### EXERCISE PROMPT:
The answer must be only the lines below from the one holding "Nissan tests twin-motor" down to the one holding "1983 Brandy Sterling Silver Decanter Label", ends included, printed exactly; please omit all pictures.

### INPUT DATA:
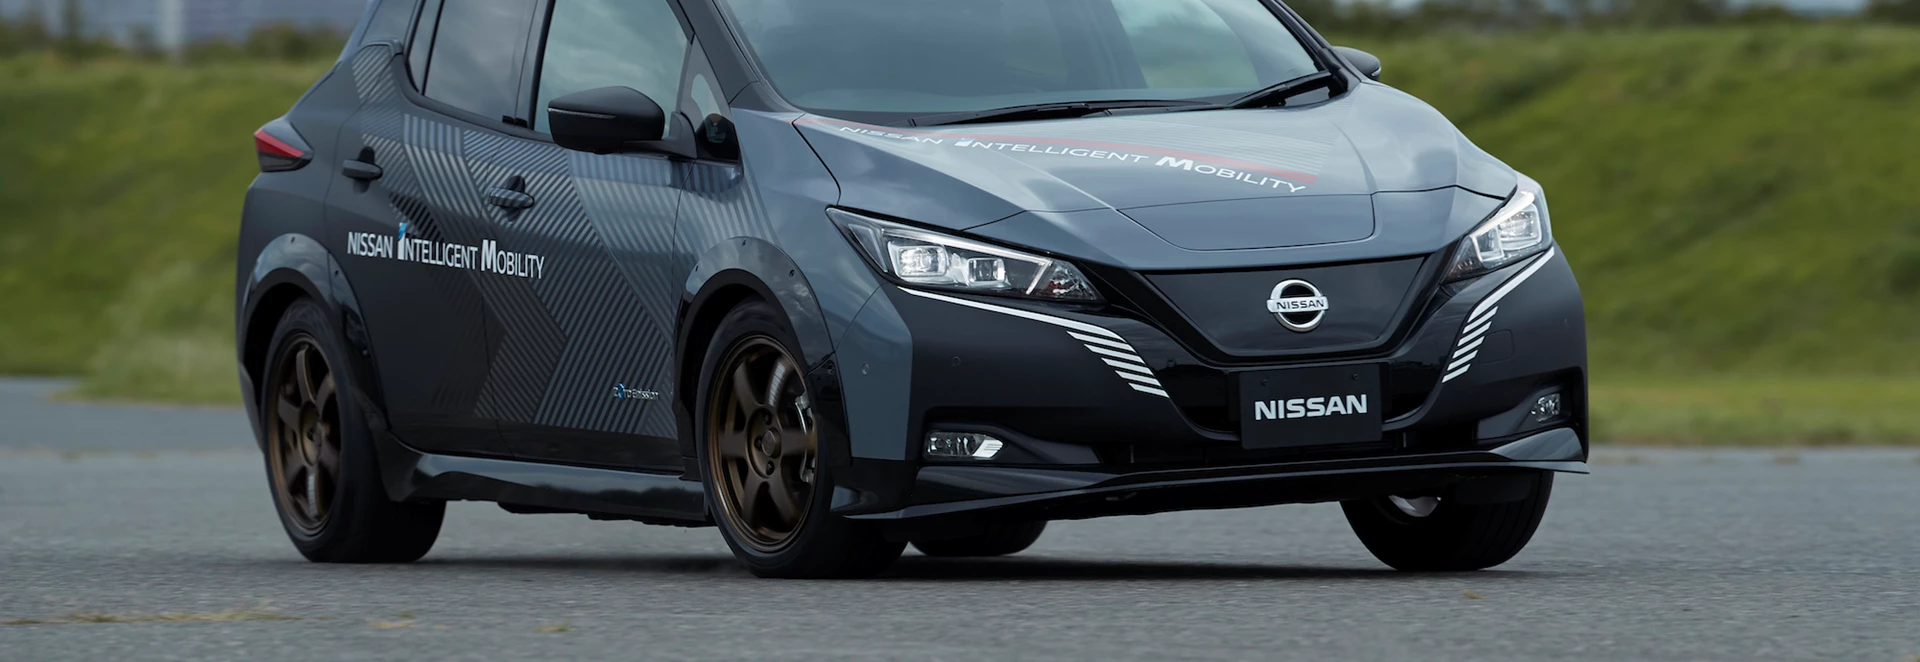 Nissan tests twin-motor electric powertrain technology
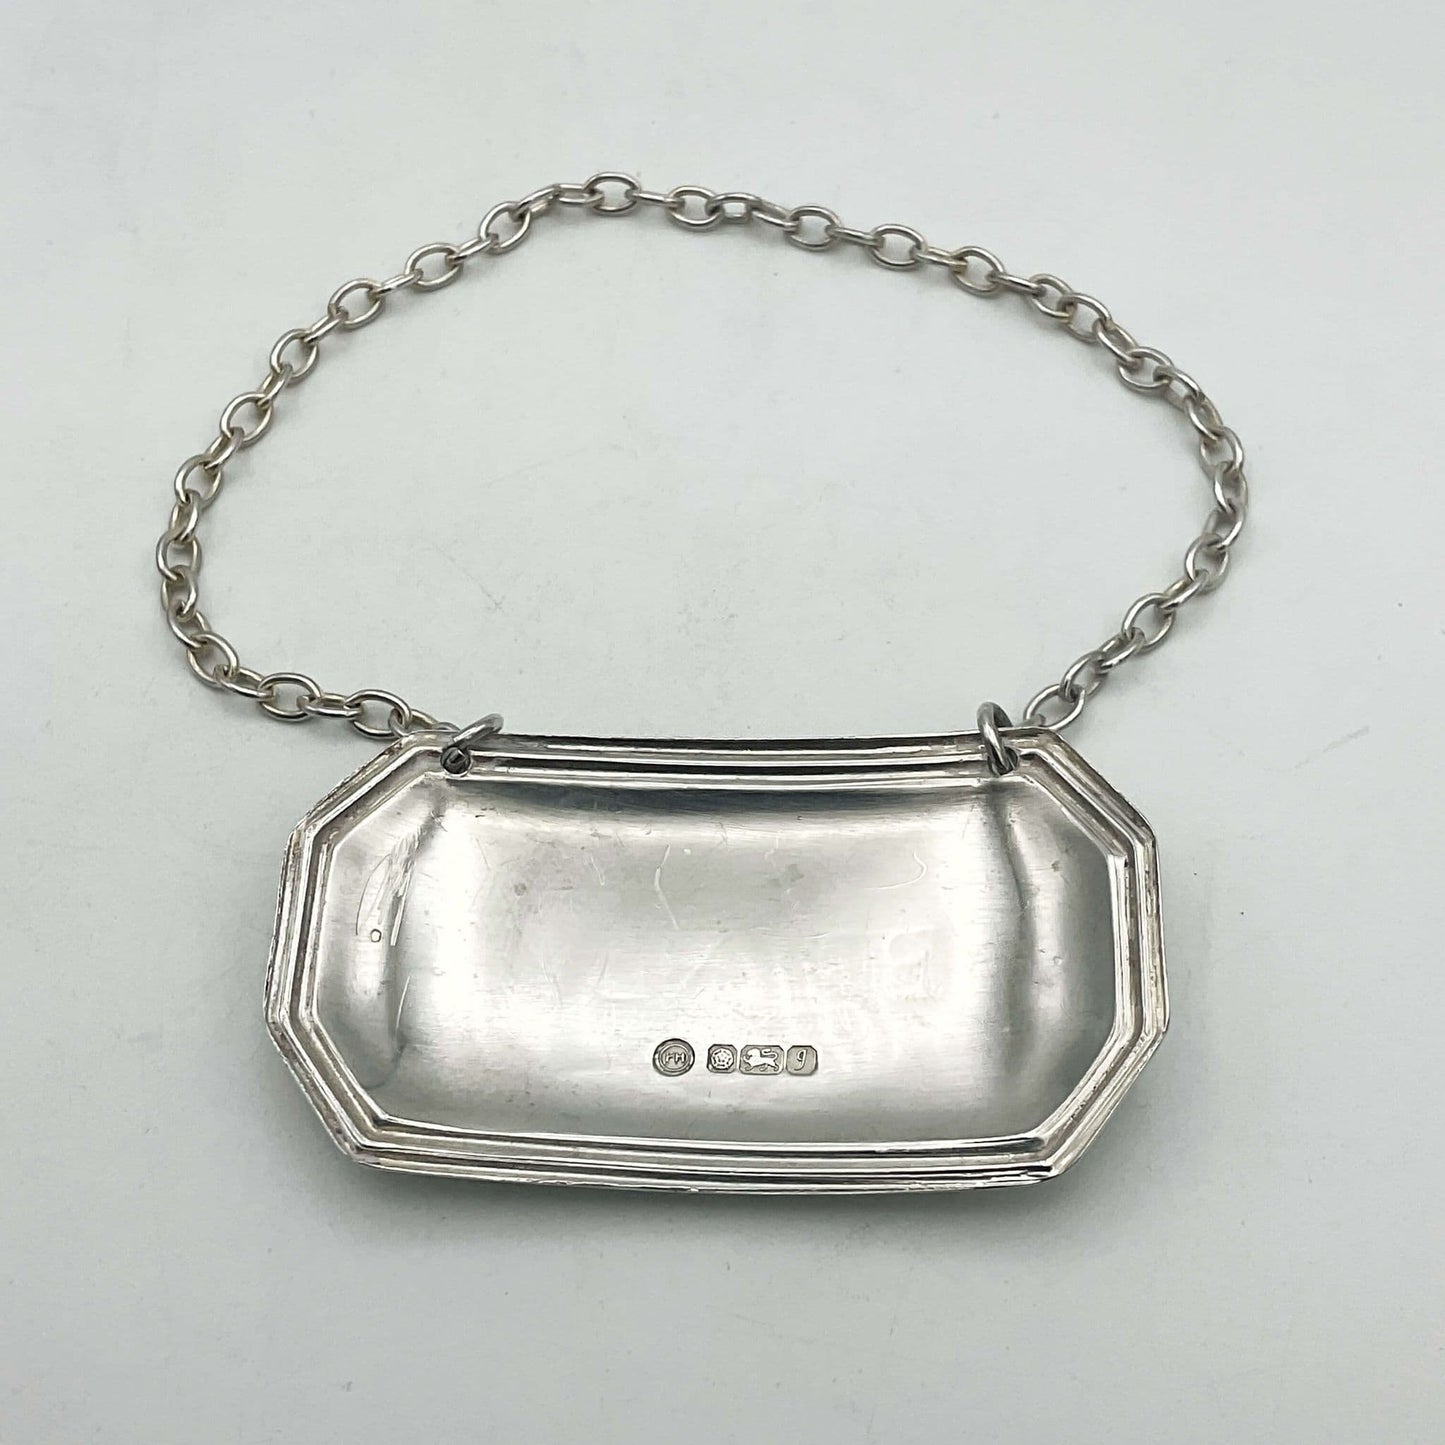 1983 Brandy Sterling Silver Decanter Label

--

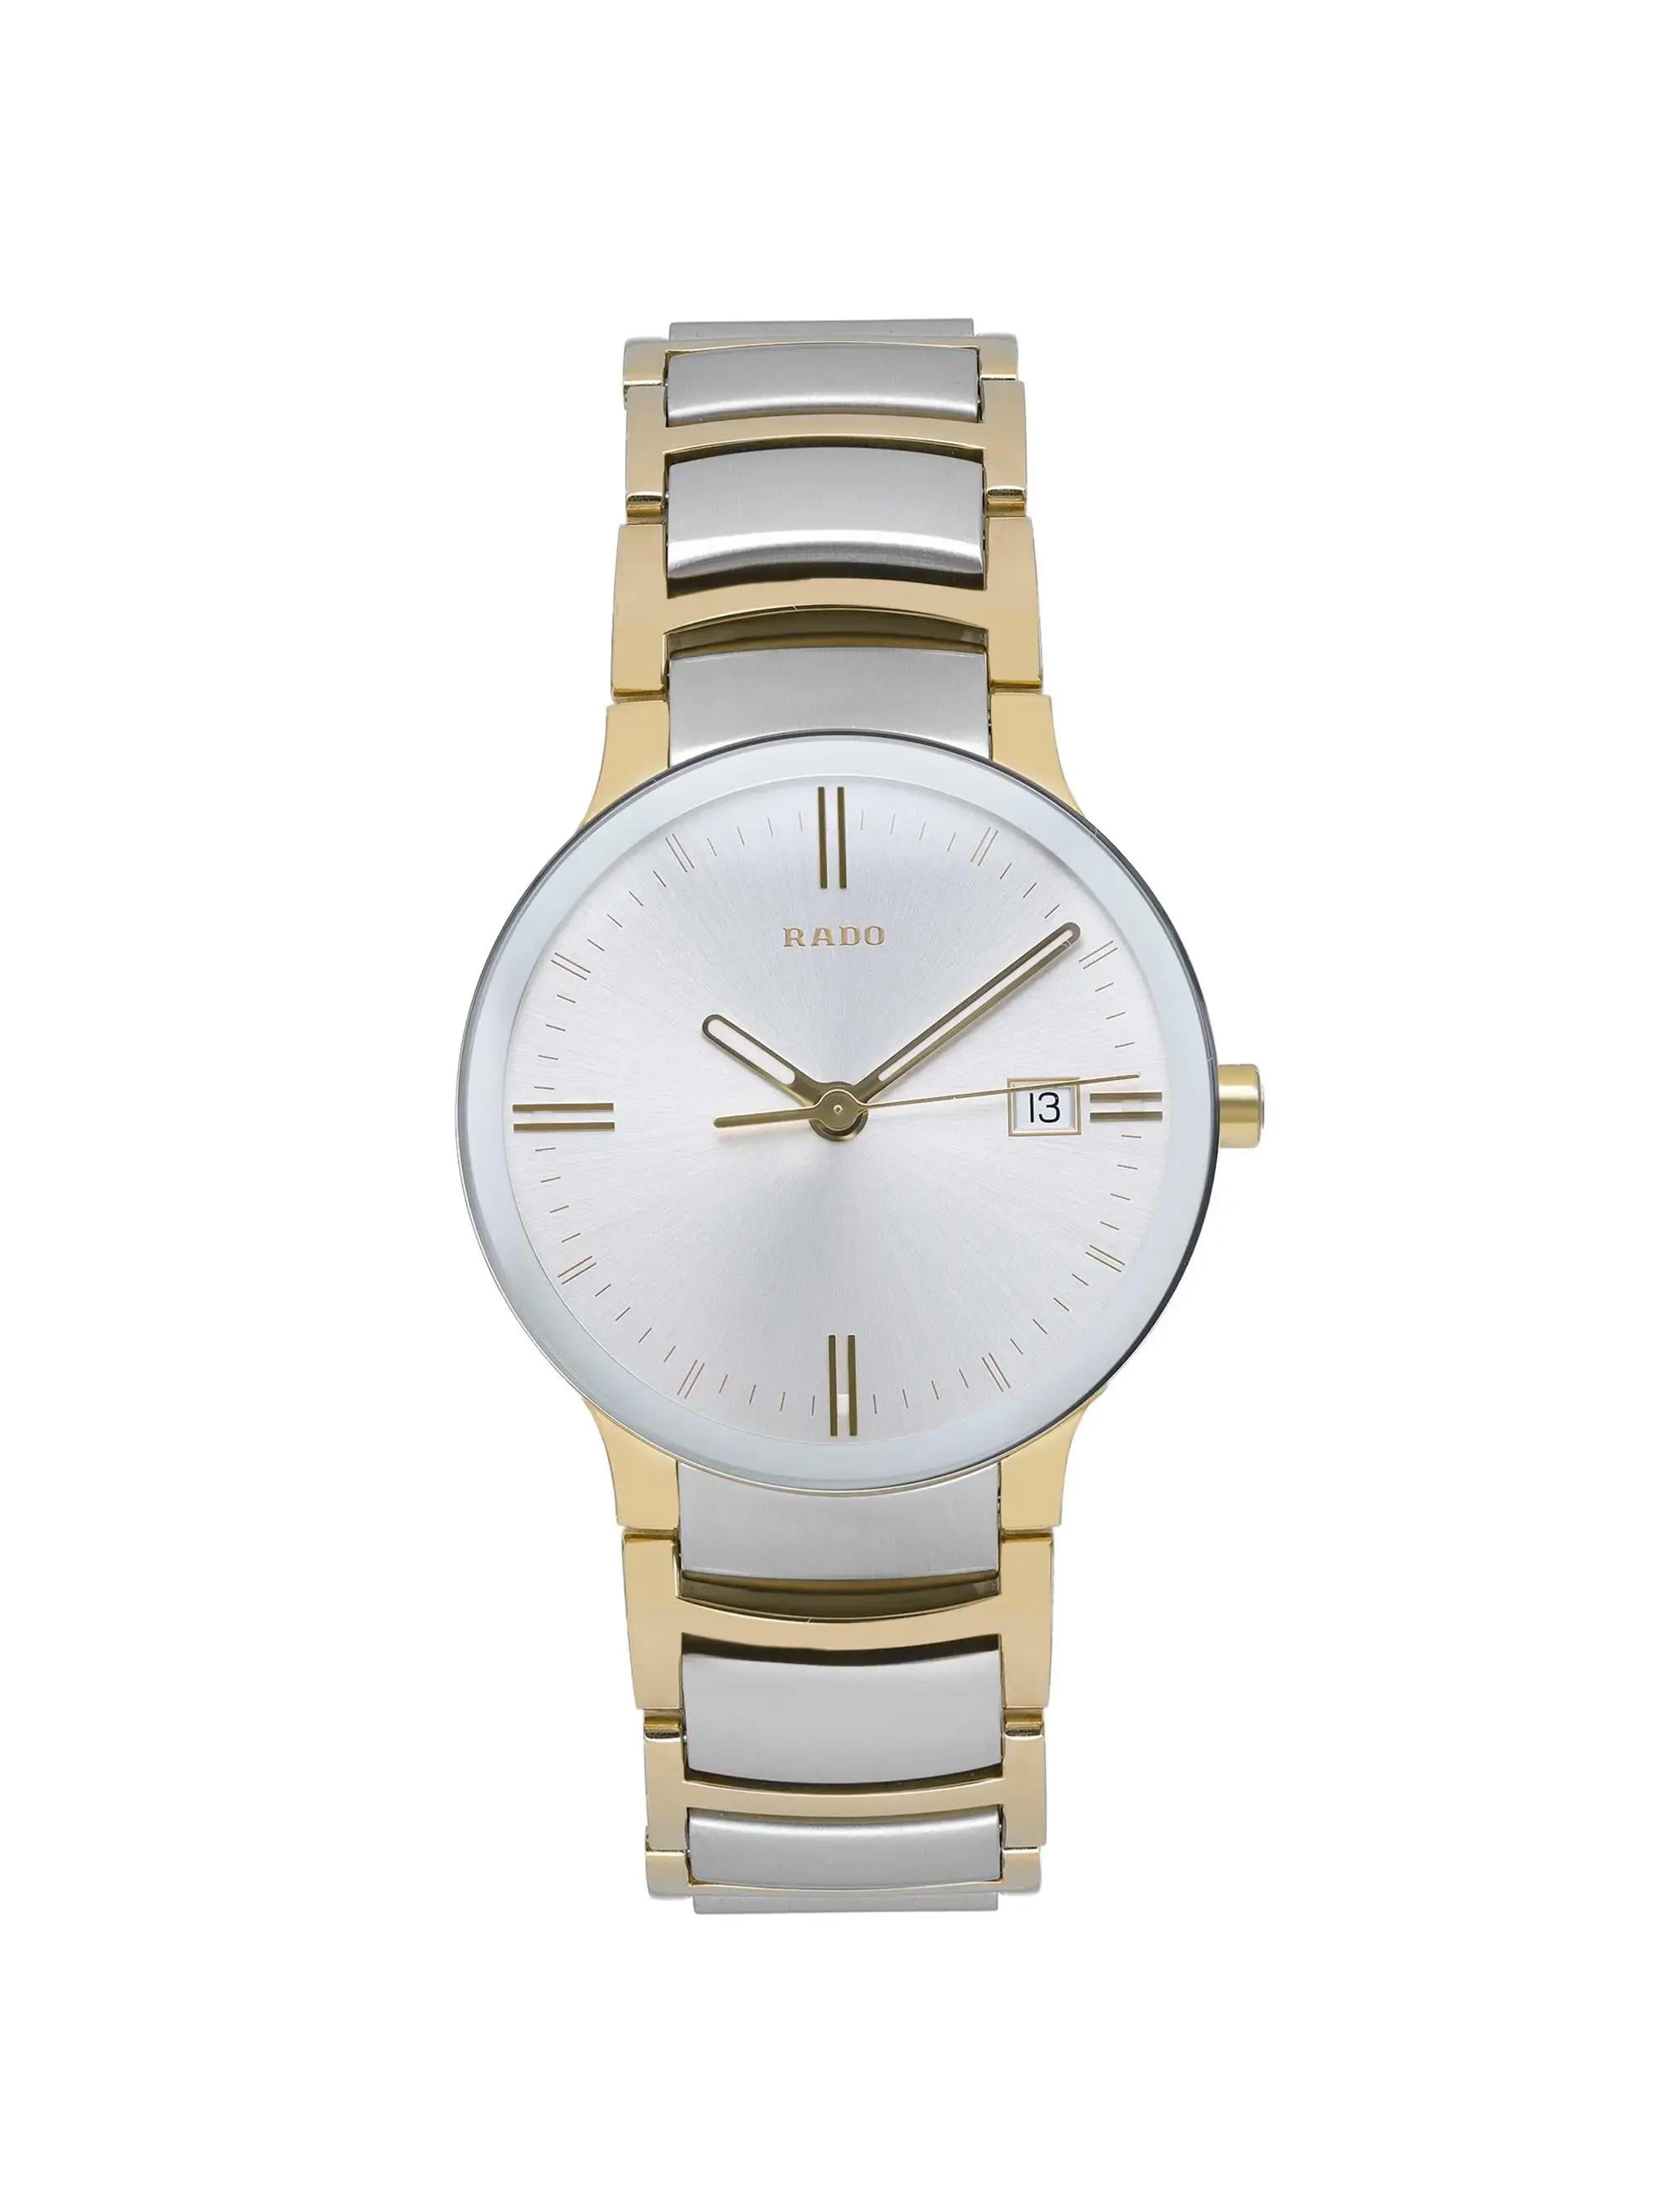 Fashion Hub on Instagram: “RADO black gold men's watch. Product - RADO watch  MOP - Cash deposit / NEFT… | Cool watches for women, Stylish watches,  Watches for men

...

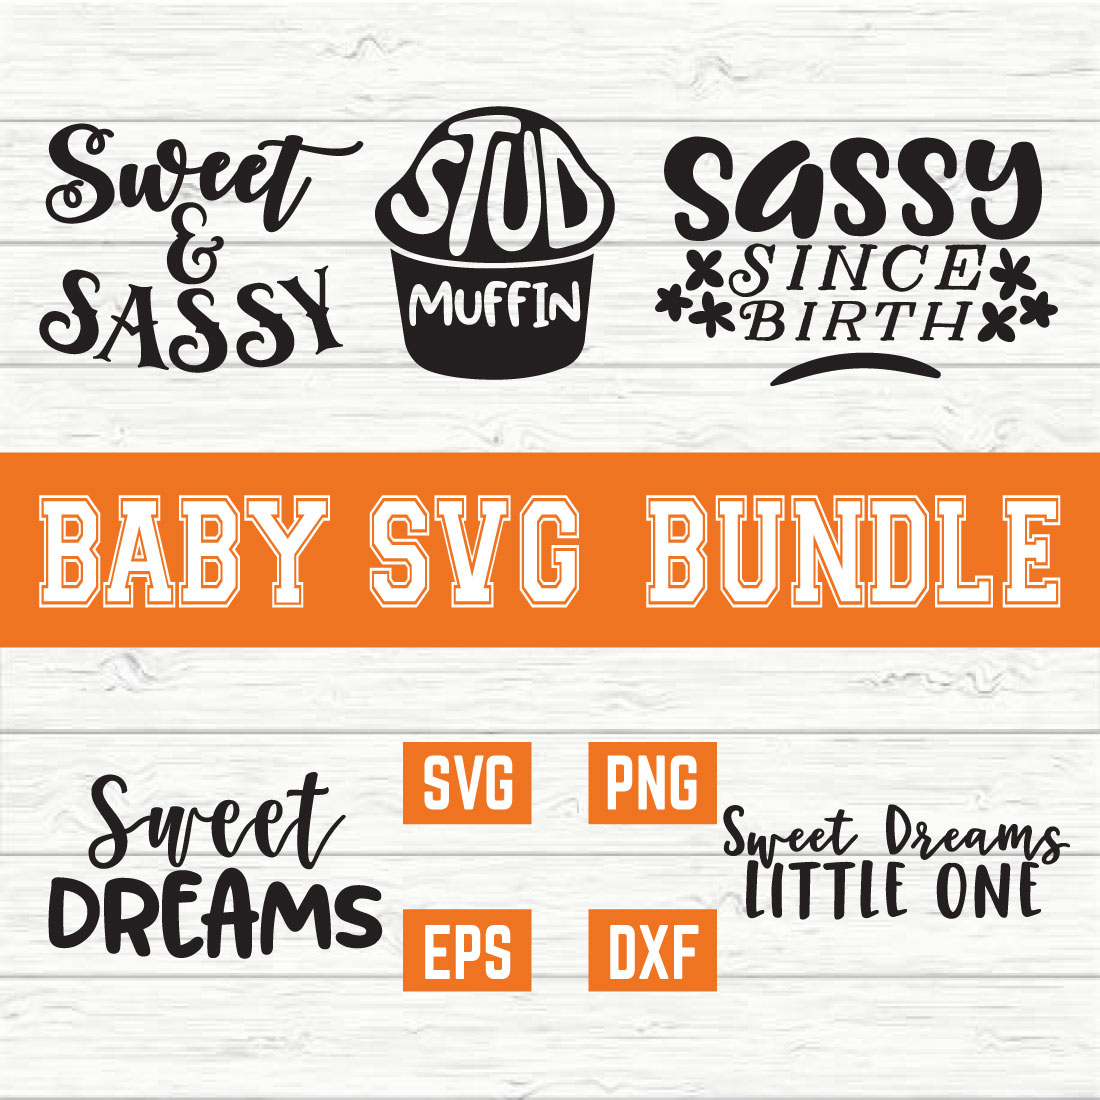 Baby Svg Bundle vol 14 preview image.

### FINAL ANSWER:
 Nissan tests twin-motor electric powertrain technology
 1983 Brandy Sterling Silver Decanter Label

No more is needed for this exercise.